It’s not because we’re weak, or unworthy of achieving goals. It’s because what we’ve been taught about willpower – the force behind that change – and how to improve willpower is all wrong.

What is willpower?

Willpower used to be the idea that hard work and inner strength (and hard work at inner strength) would get you what you needed or wanted. Throughout the 20th century, the concept of willpower was still heavily influenced by its roots in Victorian Christianity and pseudoscience. Willpower was often framed as resistance of temptation, as not giving in to what we know to be bad for us – as just saying, ‘No.’
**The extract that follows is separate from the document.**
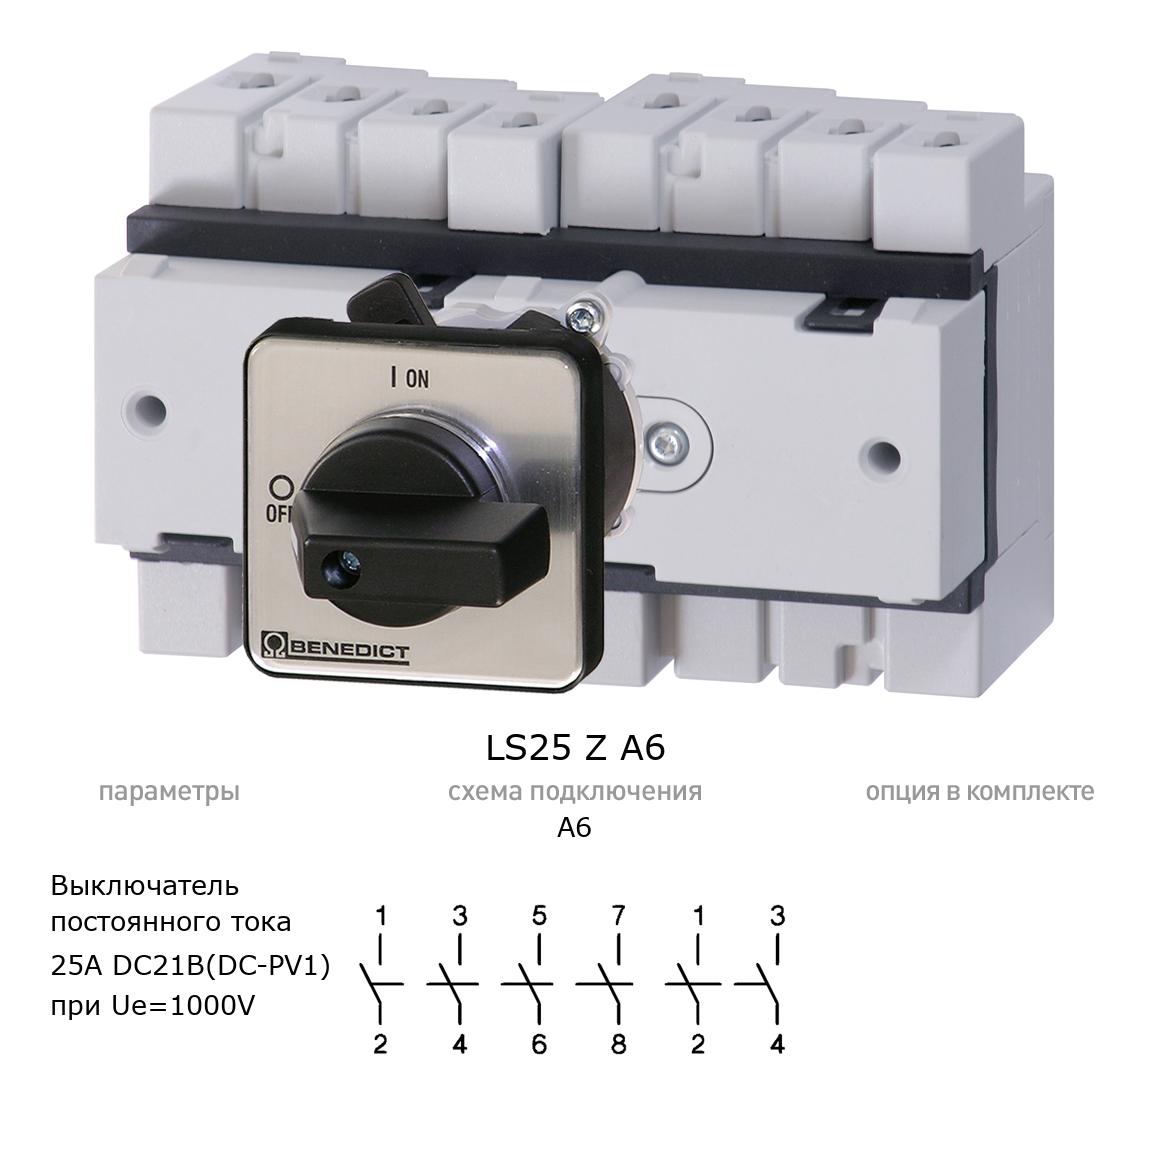 Кулачковый переключатель для постоянного тока (DC) LS25 Z A6 BENEDICT

The problem with this conception is that it’s only about one-third of what willpower actually is, according to Kelly McGonigal.

McGonigal is a health psychologist at Stamford University and teaches one of the most popular public courses there: The Science of Willpower and Change. Over the past decade, McGonigal has been at the forefront of compiling research from the fields of neuroscience, medicine, psychology and more in order to construct a newer, clearer picture of what willpower is, and what it can do for us.

McGonigal, in her book The Willpower Instinct, breaks down what willpower is: It’s as much about saying yes, sometimes, as it is about saying no — plus one more thing: “To say no when you need to say no, and yes when you need to say yes, you need a third power: the ability to remember what you really want,” which may not match what you want in the moment. In other words, the ability to remember you really want to feel on-top-of-it and prepared for a big presentation – even if, in the moment, it sure feels like all you want to do is binge on Netflix.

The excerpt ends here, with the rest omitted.